On Climate Change, where is Pakistan currently? Where does Pakistan want to go? And how does Pakistan get there?
By Dhriti Mukherjee

On 21 September, Ali Tauqeer Sheikh wrote an editorial in Dawn, titled “Climate action leadership,” where he discussed the climate challenges that Pakistan faces ahead of the COP28 summit in November 2023. In the background of Pakistan’s recent role as the chair of the G77+China at the last climate summit, the country is at a point where it must address climate challenges by increasing momentum in its efforts. Sheikh emphasised the significance of addressing four fundamental challenges: political and macroeconomic stability, institutional and policy reforms, climate finance architecture, and climate-smart actions at the provincial level. Focusing on this could bolster Pakistan’s “climate-resilient and low-carbon development journey.” In line with this, he raised three central questions.

Where is Pakistan currently?
The Global Stock-take (GST), conducted under Article 12 of the Paris Agreement, provided a comprehensive assessment of global climate efforts through 13 findings, centring around “mitigation”, “adaptation”, and “implementation.” While some positive achievements can be acknowledged, the author brought to light how “no discourse has taken place on the implications of the overshoot for Pakistan.” The GST’s conclusion that global commitments fall short of limiting global warming to 1.5°C highlights the urgency of more robust climate action.

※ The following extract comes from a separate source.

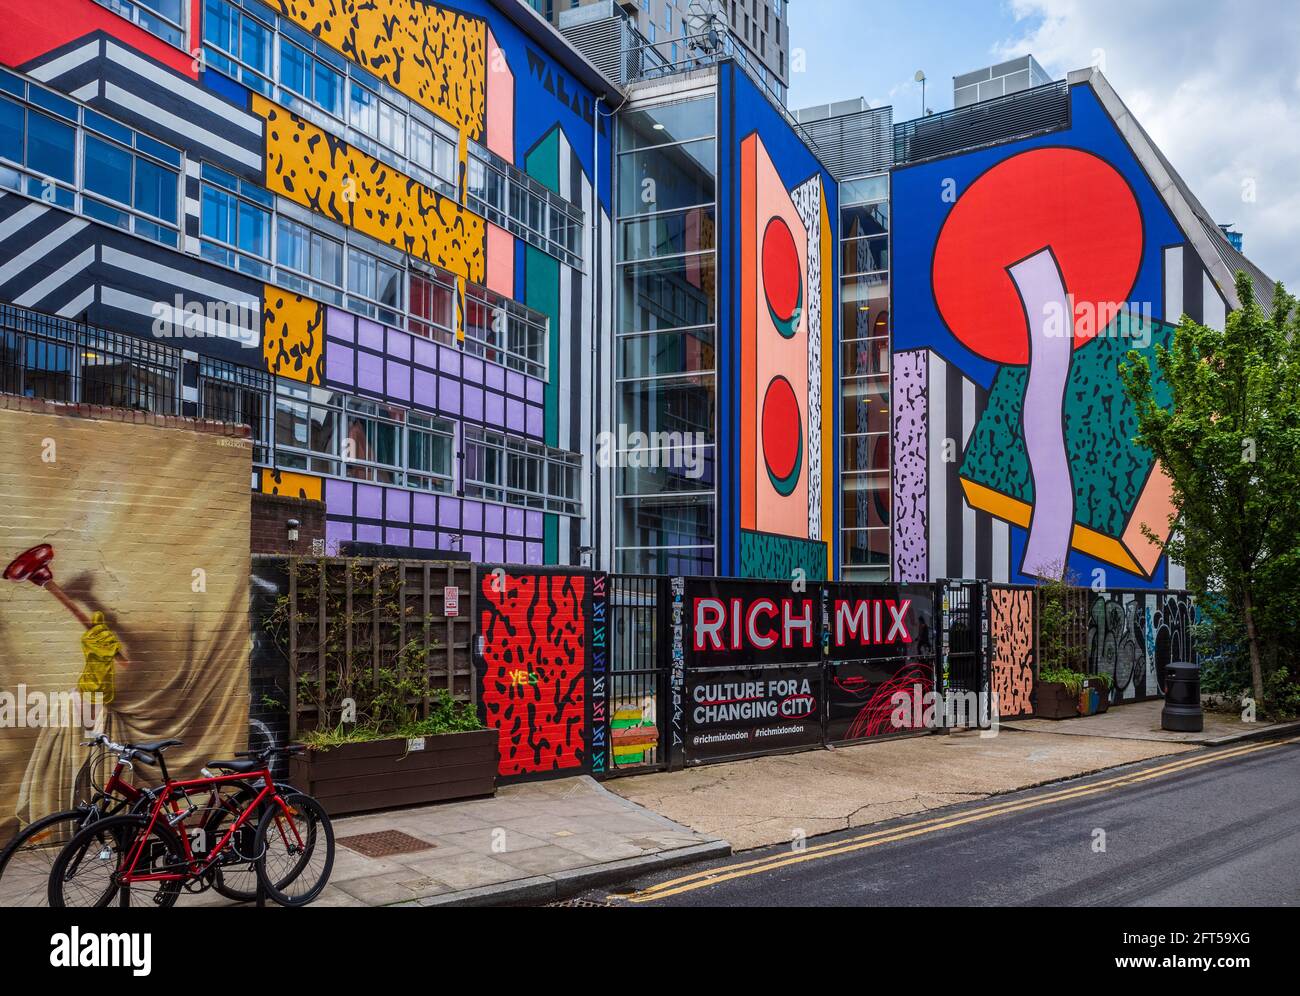 Rich Mix Shoreditch London, musica hub per le arti della comunità, danza e parlato, spettacoli di parole e arte e proiezioni di film. Aperto nel 2006. Murale Camille Walala. Foto Stock

Where does Pakistan want to go?
With 2030 as a pivotal year for climate stabilisation and Sustainable Development Goal (SDG) implementation, Pakistan’s climate narrative must align with these global goals. The decisions made at COP28 will shape Pakistan’s future sectoral policies at both national and provincial levels. A well-thought-out response to the GST findings will determine international interest and support in bridging financial and investment gaps. Pakistan aspires to become a global leader in climate resilience and sustainability; thus, a strategic and comprehensive response to the findings of the GST is paramount.
 

How does Pakistan get there?
The editorial highlights a critical concern: the recent rise in global temperatures exceeding the 1.5°C threshold. Based on the recommendations of a report by the Overshoot Commission, this rise indicated the need for “accelerating emission reductions, more resources to adapt to climate impact, and scaling up CCS technologies.” The GST findings highlighted the complex relationship between climate and development, which are vital for Pakistan as it moves towards prioritising the “National Adaptation Plan (NAP), NDC, and climate policies” in its provinces.  Aside from this, the author also brought out the fact that global attention during the COP28 summit will be on “devastation caused by dam outbursts in Libya and the earthquake in Morocco.” The 2022 floods in Pakistan are not likely to “evoke emotional support,” and keeping this in mind, Pakistan must bring forth steps that it took as part of climate action. This includes conducting a Climate Change Council meeting for COP28 like the outgoing government had done for COP27, developing the provincial roadmaps for NAP implementation, “climate finance architecture and cataloguing climate actions on the ground.” These steps will carve the path for Pakistan in its “climate-smart development.